Keough was 0-1 with a 4.50 ERA as a Cardinal, but in three relief stints he allowed no runs and struck out eight in eight innings.

Checkered past

The 1985 Cardinals went on to win the National League pennant. Keough was ineligible to pitch in the postseason because he joined the club too late, but the Cardinals gave him a championship ring. Granted free agency, he signed with the Cubs and split the 1986 season, his last in the majors, with them and the Astros.

Keough made one appearance against the Cardinals. Filling in for scheduled starter Dennis Eckersley, who developed back spasms, Keough pitched four innings, gave up a two-run single to Ozzie Smith and took the loss in a 4-3 Cardinals win over the Cubs at St. Louis on June 5, 1986. Boxscore

Like his father Marty, who finished his playing career in Japan in 1968, Matt went to Japan and pitched for four years (1987-90) with the Hanshin Tigers.

Keough, who had a big-league career record of 58-84, tried a comeback with the Angels at spring training in 1992. While seated in the dugout during a game at Scottsdale, Ariz., Keough was hit in the temple by a foul ball off the bat of the Giants’ John Patterson. Marty Keough, scouting the game for the Cardinals, watched as medical personnel attended to his son. Matt developed a blood clot in his brain and needed surgery.

Keough recovered and went on to scout for the Angels and Rays. He also served as special assistant to the general manager of the Athletics.

In April 2005, Keough was involved in a car accident in California, injuring a pedestrian.
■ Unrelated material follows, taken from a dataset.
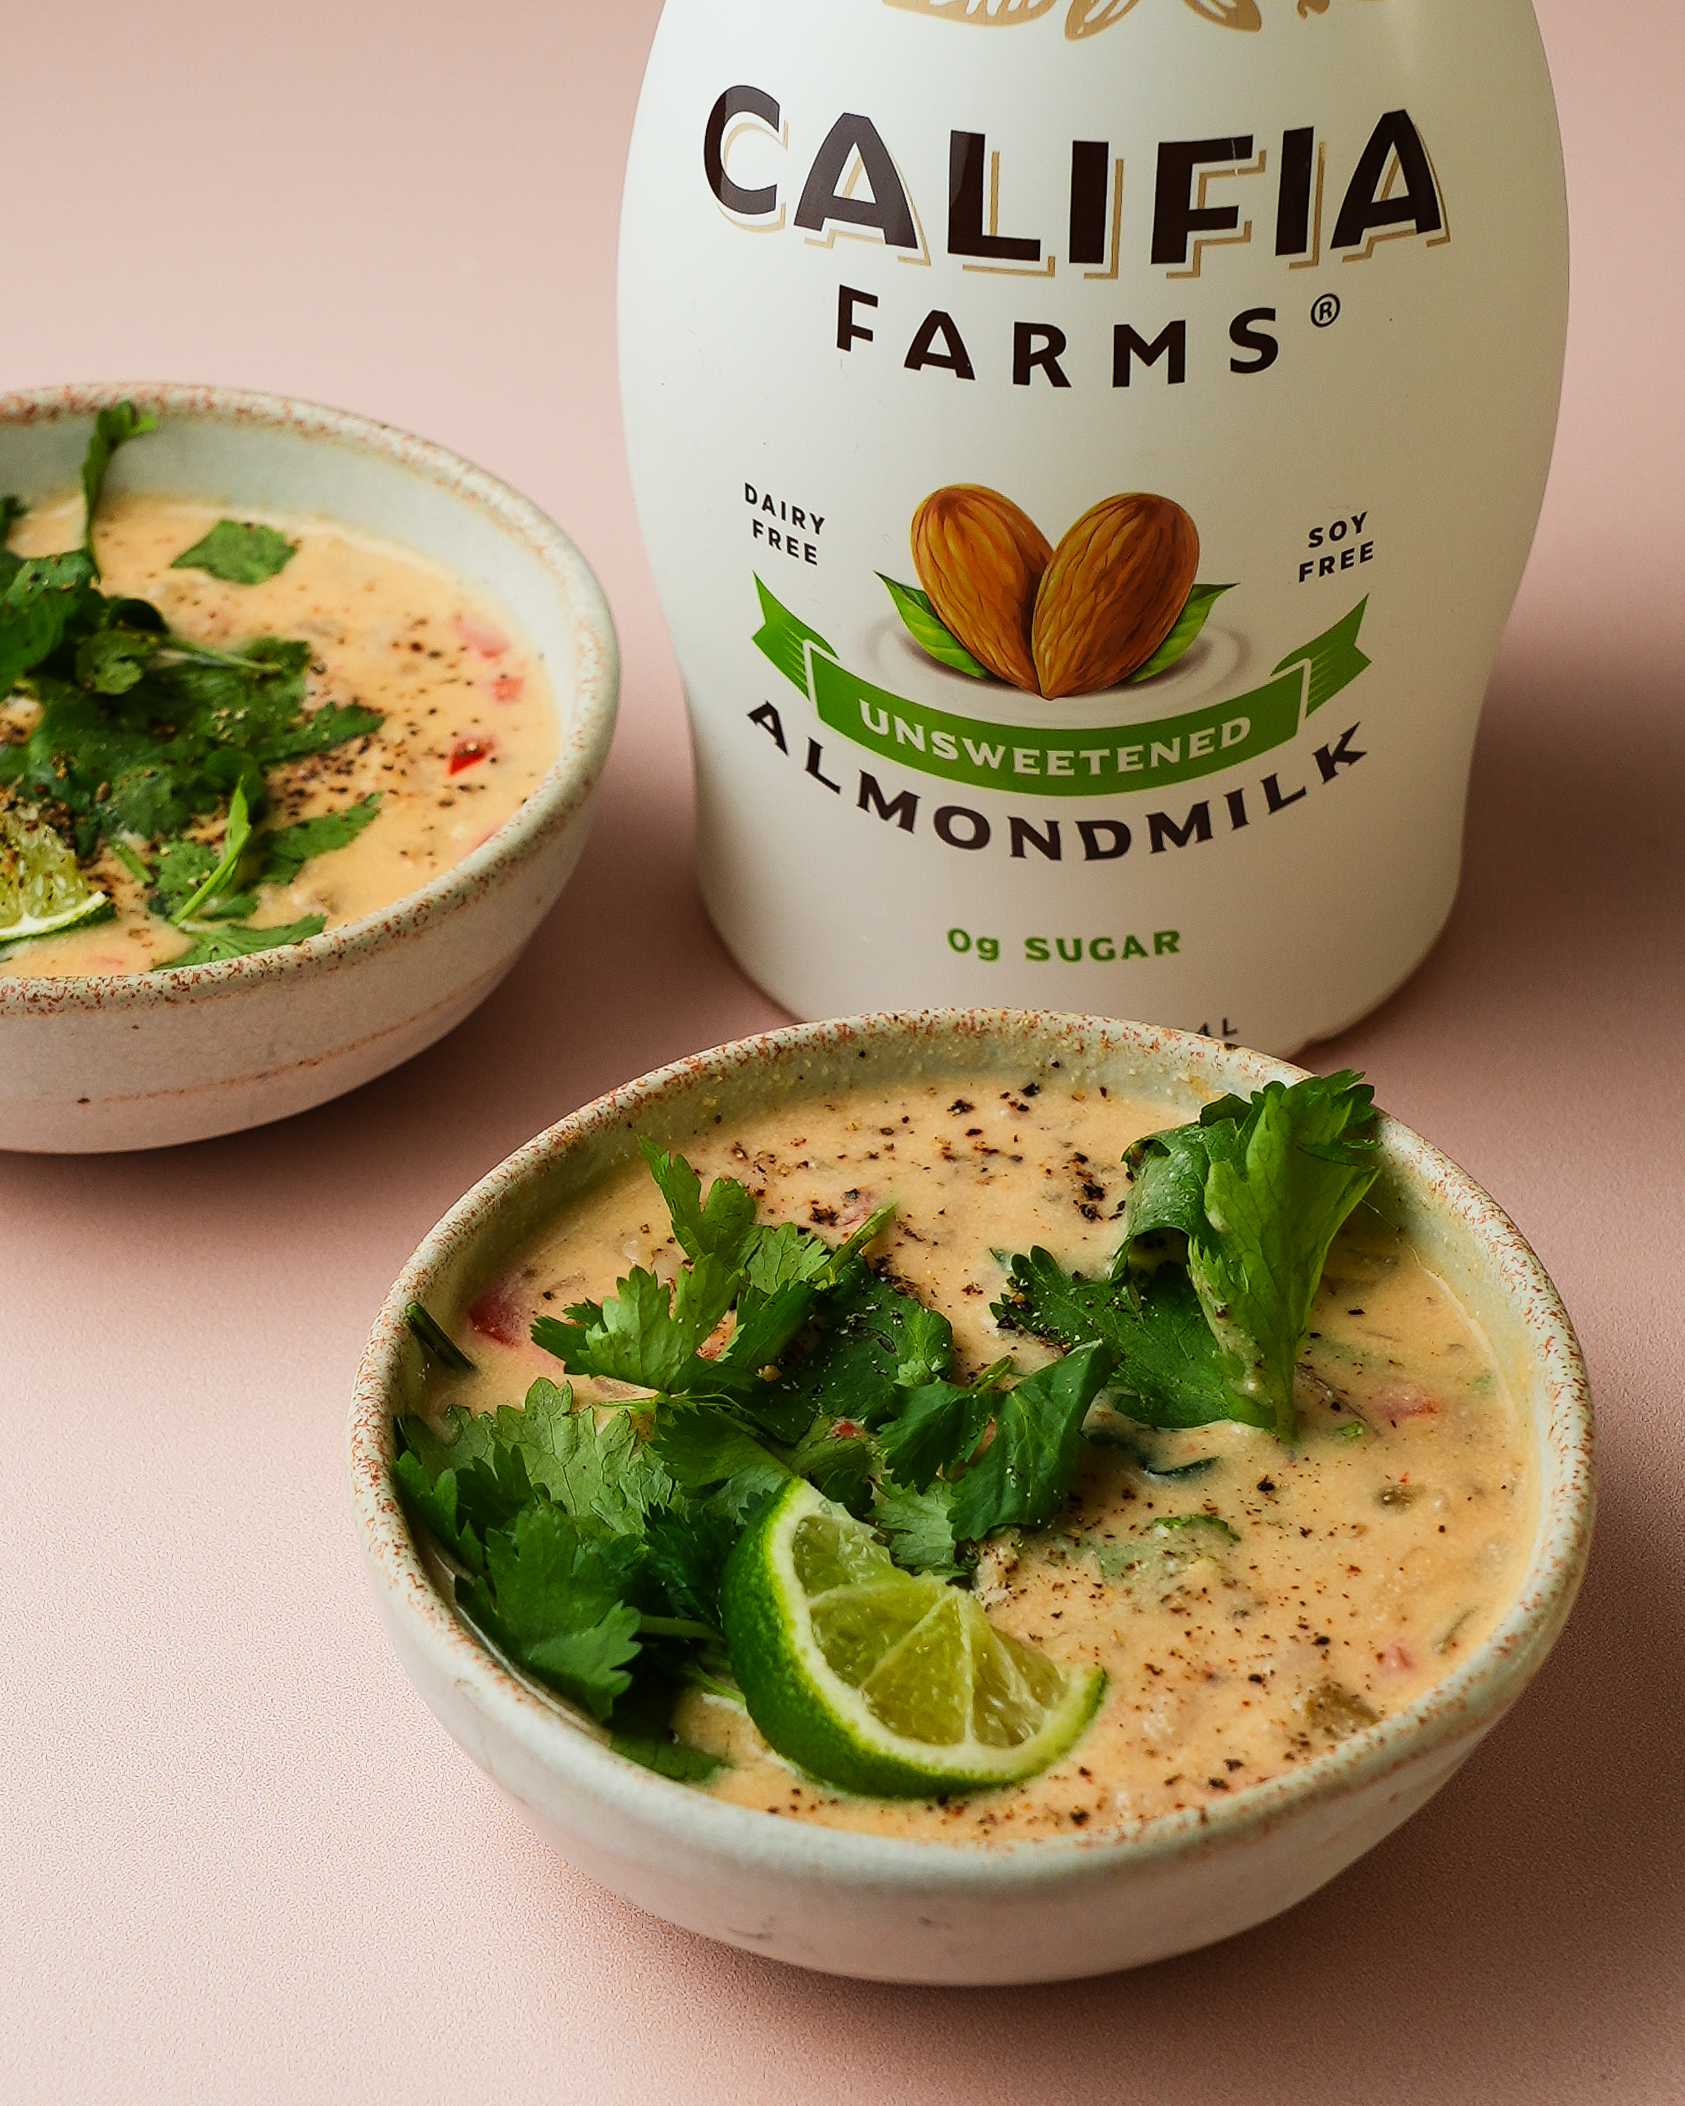 A bowl of chili sits at the forefront of the image, with Califia Farms Unsweetened Almondmilk in the background

He pleaded guilty to felony charges of driving under the influence after he crashed his vehicle into another at a red light, pushing the vehicle into a man walking his bike across the street, police said to the Orange County Register. The injured man was admitted to a hospital.

In December 2007, Keough was arraigned on charges he was binge drinking at a bar in violation of his probation, authorities told the Orange County Register. The arrest came less than a week after Keough was released from the Newport Beach lockup, where he spent seven weeks as a jail trustee washing patrol cars and cleaning the facility after he was caught violating parole.